Dünya tarihi insanların açlık ve yoklukla imtihanları ile dolu. Bu imtihanları alnının akıyla geçmiş, şerefini, onurunu, ilmini karın tokluğuna değişmemiş irfan ehli zatlar yolumuzu aydınlatmış. Şimdi ise daha çok toklukla ve zenginlikle imtihan halindeyiz.
Şimdilerden kastım, on beş-yirmi yıllık bir zaman dilimi değil. Abdurrahman bin Avf’ın terk ettiği iftar sofrasından bu yana aynı imtihandayız.

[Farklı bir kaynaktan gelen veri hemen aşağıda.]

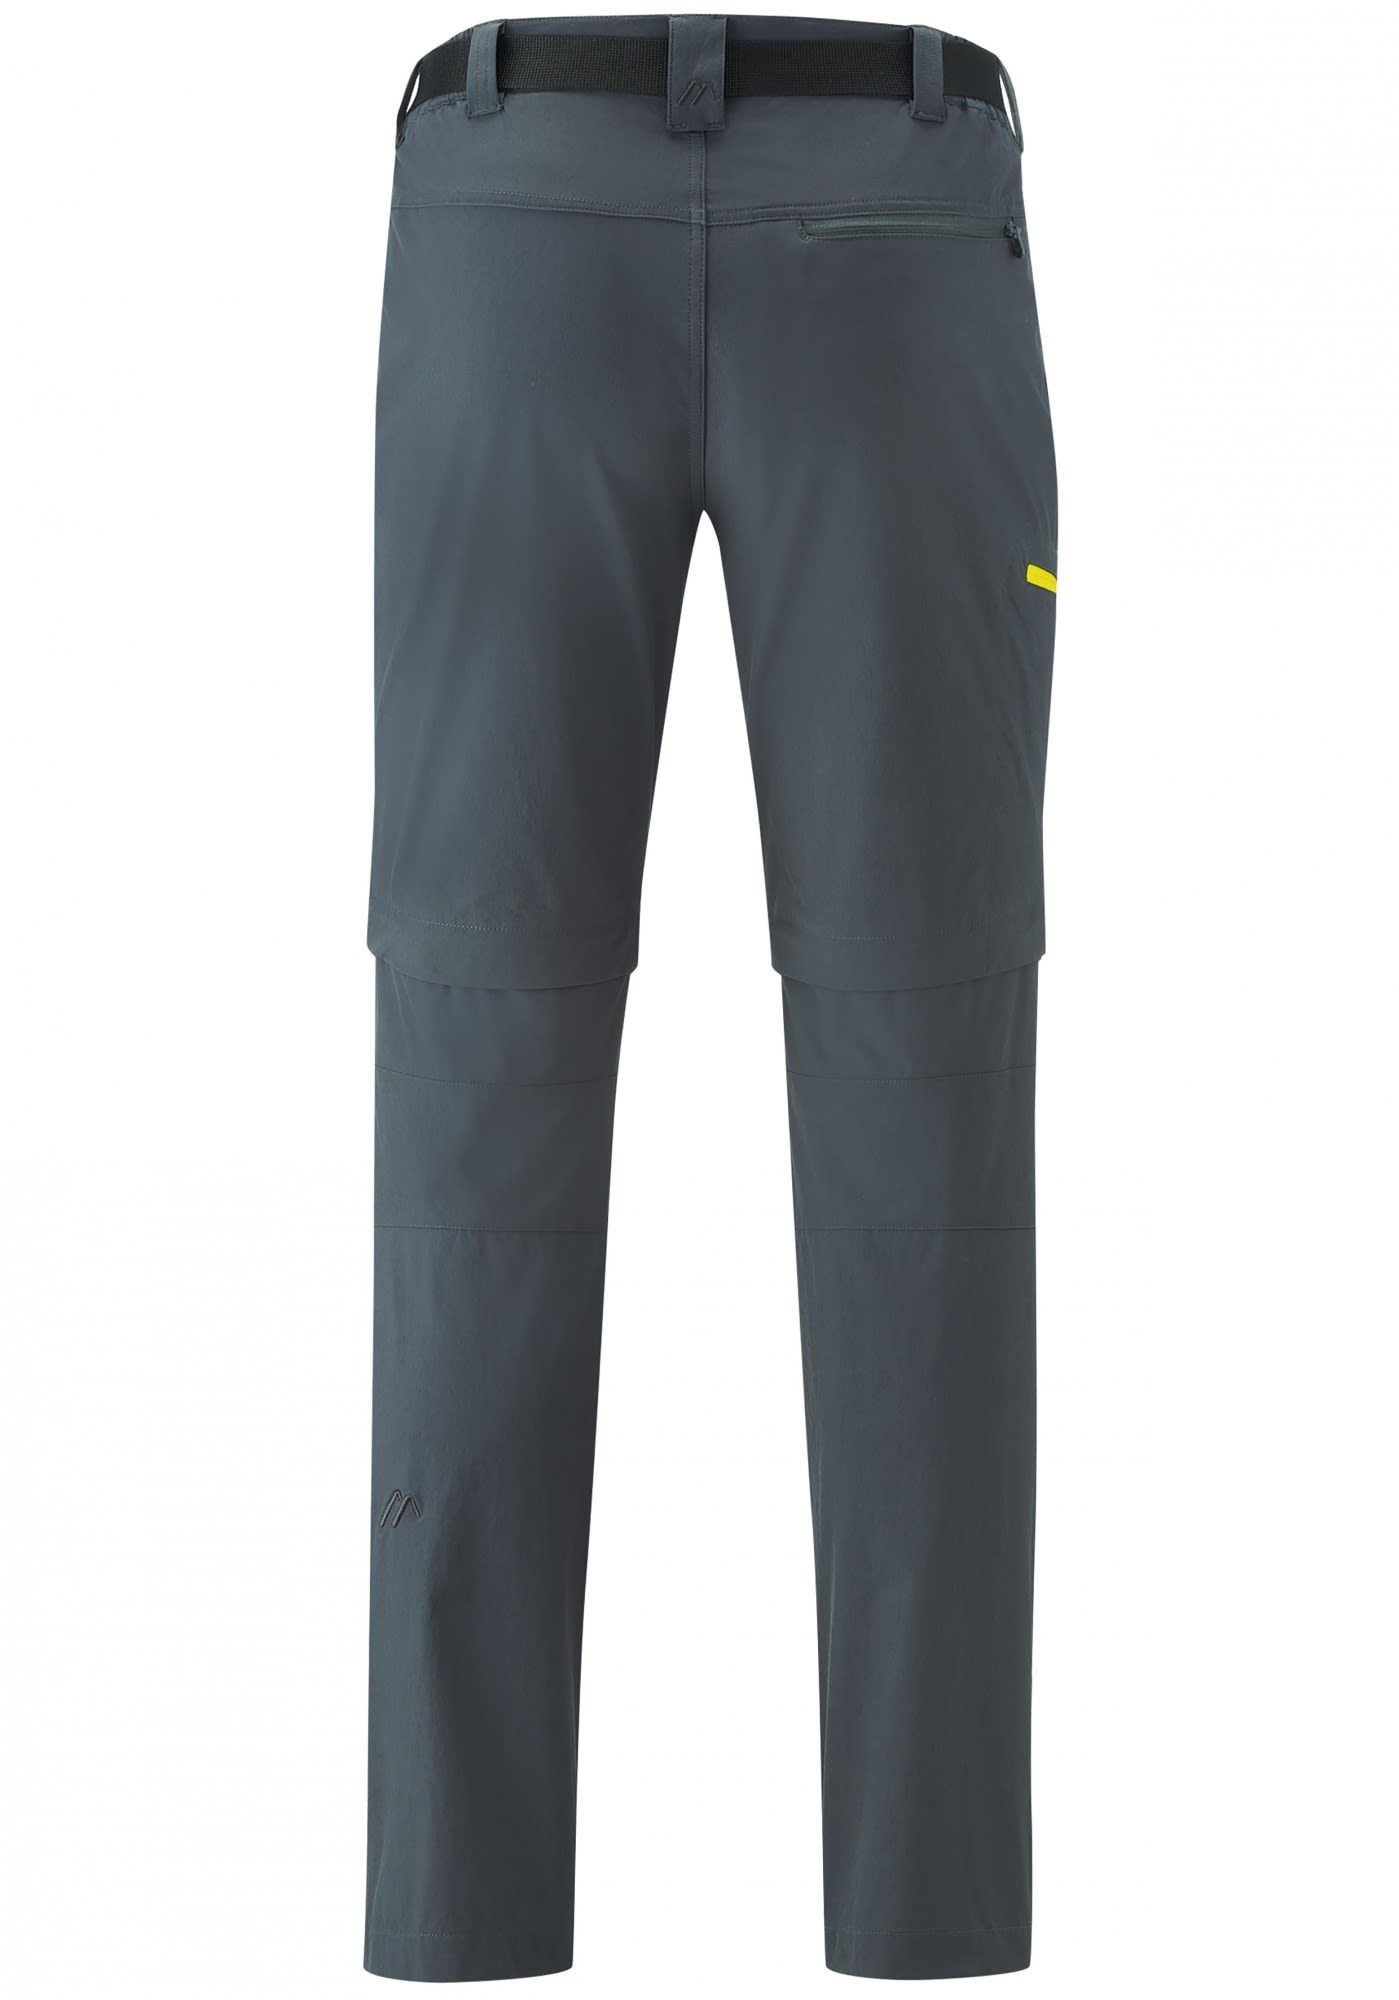 Maier Sports Funktionshose Tajo 15 Outdoorhose mit flexiblem Hosenbund,  Vielseitige atmungsaktive Herren Zip-Off Hose | Outdoorhosen

Birlikte hatırlayalım: Oruçlu olduğu bir gün oğlu önüne bir iftar sofrası getirir. Bu mükellef sofra karşısında:
“Mus’ab bin Umeyr (r.a.) Uhud günü şehit edildi. Halbuki Mus’ab benden çok hayırlı idi. Bu mübarek şehid kefen yerine bir kaftana sarılmıştı ki, bununla başı örtülse ayakları açılıyor, ayakları örtülse başı açılıyordu. Yine Uhud’da Hamza (r.a.) da şehit edildi. O da benden hayırlı idi. Onu da kefenleyecek bir hırkadan başka bir şey bulunamadı. Onlar böyle, dünya nimetlerine itibar etmeden zühd içinde yaşayıp Allâhü Teâlâ’ya kavuştuktan sonra dünyanın bunca nimetleri karşıma seriliyor. Ahiret için kazandığımız sevaplarımızın bize dünyada verilmiş olmasından korkuyorum.” der ve ağlamaya başlar.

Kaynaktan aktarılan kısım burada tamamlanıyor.